Spectacular full color map, based largely De Fer's Seminal map. The detail throughout the is excellent, especially along the Mississippi and Missouri Rivers, which are shown extending to their theoretical sources, the latter being a large lake in Kansas. The detail in the South, Southwest and Texas includes early roads, and extensive notes regarding early exploration and Indian Villages. The river systems between the Mississippi and the Appalachians are equally fascinating, especially since this area would be so thoroughly explored in the next several decades. Large inset at top shows the Mississippi Delta and Gulf Coast. Spectacular cartouche portrays the history of John Law's Mississippi Bubble. Portinaro & Knirsch pl. 117. A fine example.

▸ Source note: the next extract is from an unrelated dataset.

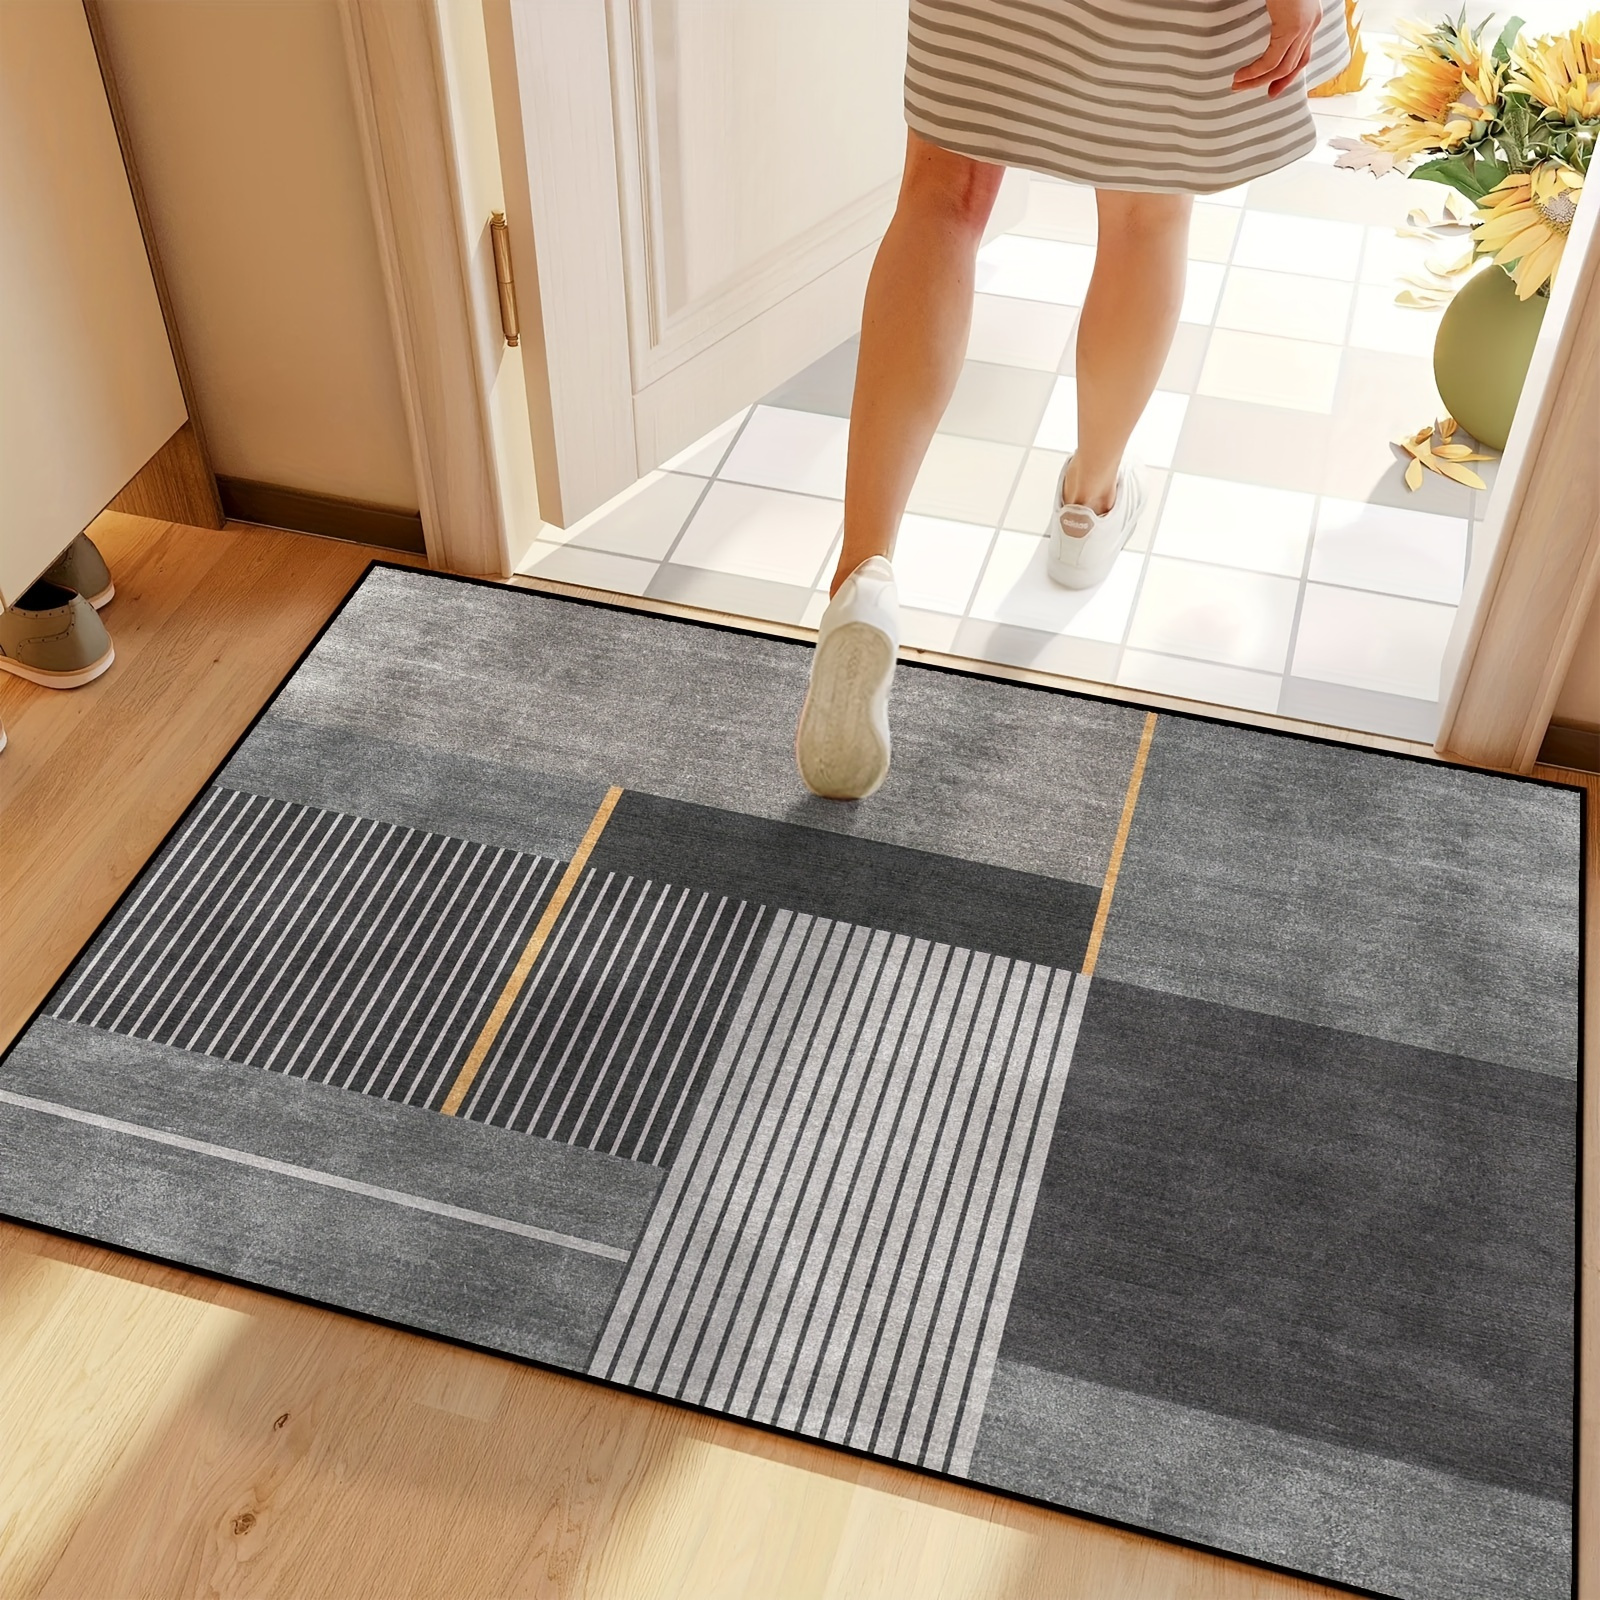 Coral Velvet Water Absorption Bathroom Floor Mat, Pebble & Embossed Doormat  For Entrance, Shoe Scraper Rug For Doorway

Matthaus Seutter Biography

Matthäus Seutter (1678-1757) was a prominent German mapmaker in the mid-eighteenth century. Initially apprenticed to a brewer, he trained as an engraver under Johann Baptist Homann in Nuremburg before setting up shop in his native Augsburg. In 1727 he was granted the title Imperial Geographer. His most famous work is Atlas Novus Sive Tabulae Geographicae, published in two volumes ca. 1730, although the majority of his maps are based on earlier work by other cartographers like the Homanns, Delisles, and de Fer. 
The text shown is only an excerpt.